I've used the same precipitate-with-soda-ash trick when using sodium
monopersulphate as an etchant (it's surely work with the somewhat
faster-acting ammonium persulphate). It's quite striking in this
case... the clear blue-green copper-loaded etchant turns a milky
green, the precipitate settles out, and you're left with a clear
near-colorless liquid which contains little or no copper.
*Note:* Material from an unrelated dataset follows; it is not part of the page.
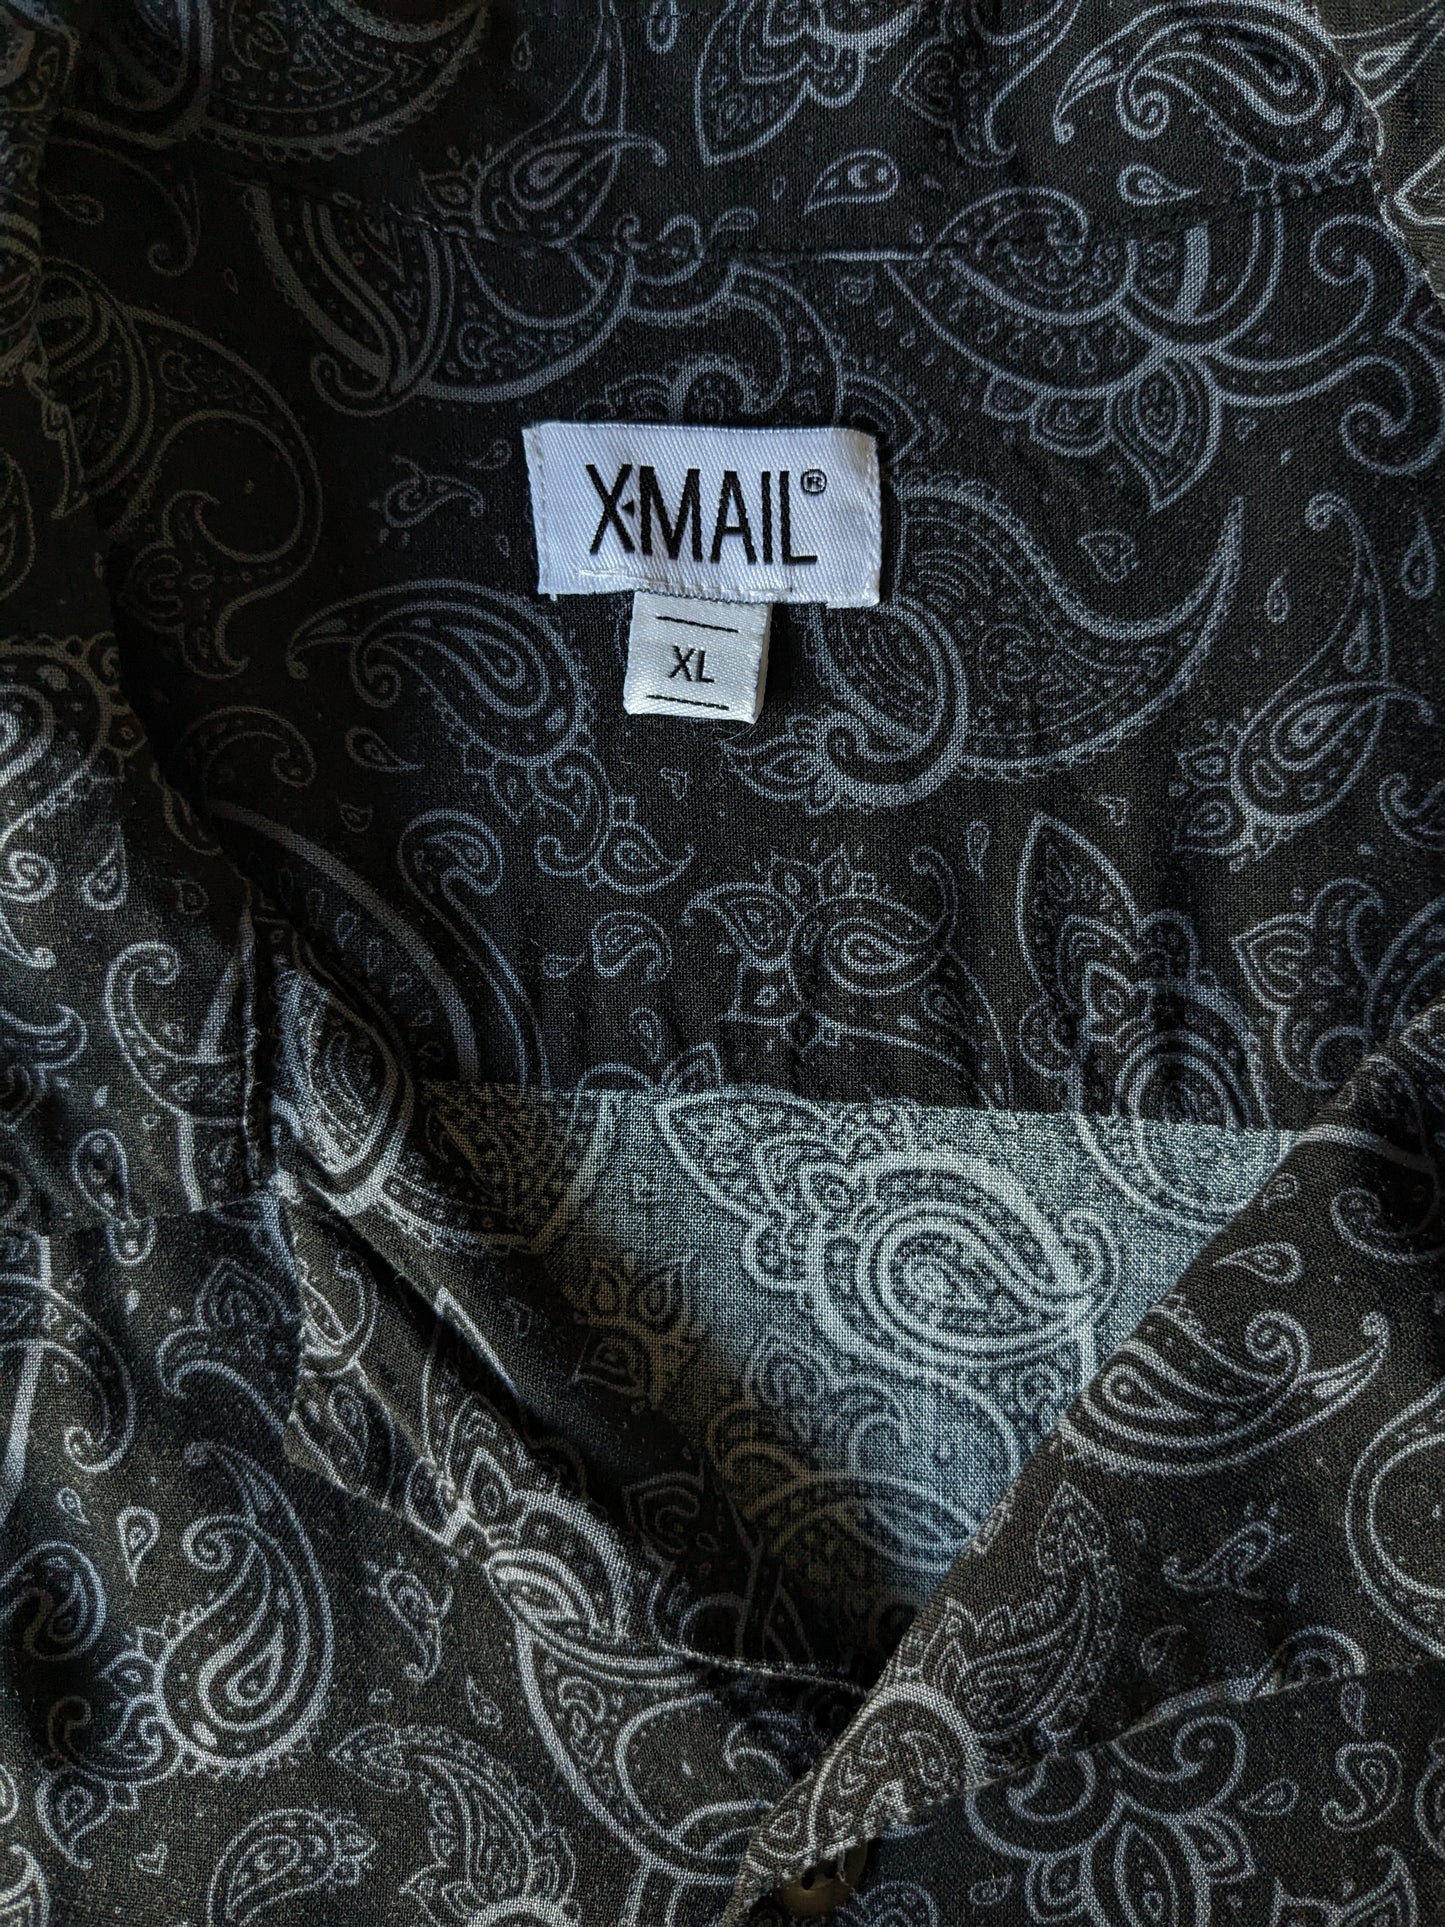 X-Mail overhemd korte mouw. Zwart Grijze paisley print.  Maat XL.

I've heard of people disposing of copper-loaded used etchant by mixing
in some Portland cement powder. This raises the pH, converts the
copper to an insoluble form, and then binds it into (in effect) solid
rock which can be disposed of in a landfill without causing
significant leaching of copper. The same trick could no doubt be used
to solidify the precipitated copper from a lye or soda-ash
neutralization of spent etchant.
I've also heard of putting steel wool into spent ferric chloride etchant,
which I think gets the copper out in a metallic form and probably replaces
it with iron. Whether that would be better I don't know.